I have managed to get the xpaths corresponding to the columns:
/td[2]/div/div/div/span/a/b --> title
/td[2]/div/div/div/span/a --> song link
/td[3]/span --> duration
/td[4]/div/span/a --> artist
/td[4]/div/span/a['href'] --> artist link
/td[5]/div/a --> album
/td[5]/div/a['href'] --> album link
We should add the address music.163.com/
in front of the links to get full addresses.

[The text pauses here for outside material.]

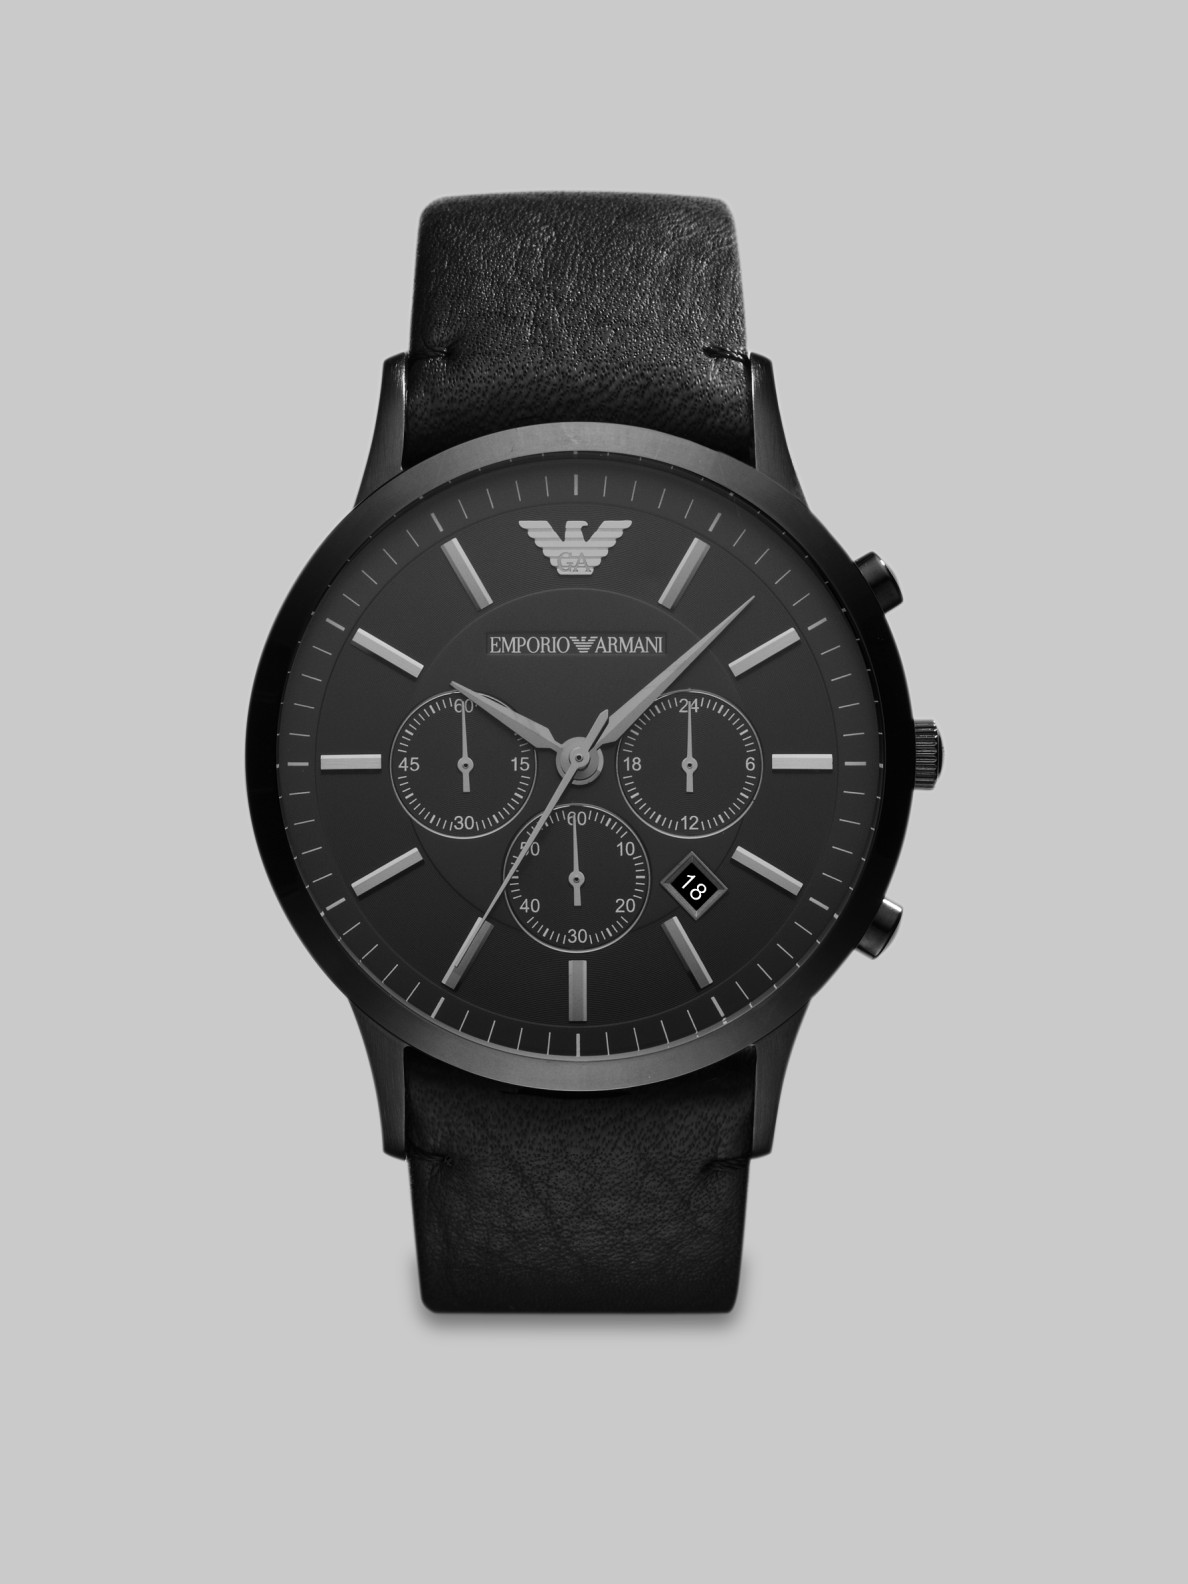 Emporio Armani Leather Chronograph Watch in Black for Men - Lyst

I was thinking about using selenium to get the elements, more specifically find the rows by xpath, then loop through the rows and get the columns by their xpaths inside the rows, then add the values to a list of namedtuples.
From here it is trivial to add the elements to an SQL table.
But I just can't get it to work.
I have managed to open a Firefox selenium window, install tampermonkey and the script to access the full playlist(these two installations are done manually), then get to the playlist page and tried to get the elements:
from selenium import webdriver
Firefox = webdriver.Firefox()
Firefox.get('https://music.163.com/#/playlist?id=158624364&userid=126762751')
Firefox.find_elements_by_xpath('//table/tbody/tr')
The result is an empty list.
I don't know what went wrong, I can view the table element in developer tools just fine, then I have viewed its source code and realized that the table isn't in its source code.
I have even managed to obtain the full table with developer tools, and I uploaded it here.
But it is invisible to selenium. Apparently browsers have a way to display contents not in the original html source code and selenium can't. That's when I realized browsers can execute javascript and the additional contents not in the original source code are probably added by a javascript somewhere, and the code I used didn't involve javascript and can only get the original source code without the additional contents.
I tried Googling python selenium get contents of a webpage added by javascript, but it isn't helping.
So I have two questions, first, in the short term, how can I use some html parsing library to parse a piece of html code locally stored in a txt file?
And second, in the long term, how can I use selenium or any other Python html library to get complete source code of a webpage with additional contents added by javascript instead of only the original source code without the additional contents, so that I don't need to export the elements manually every time?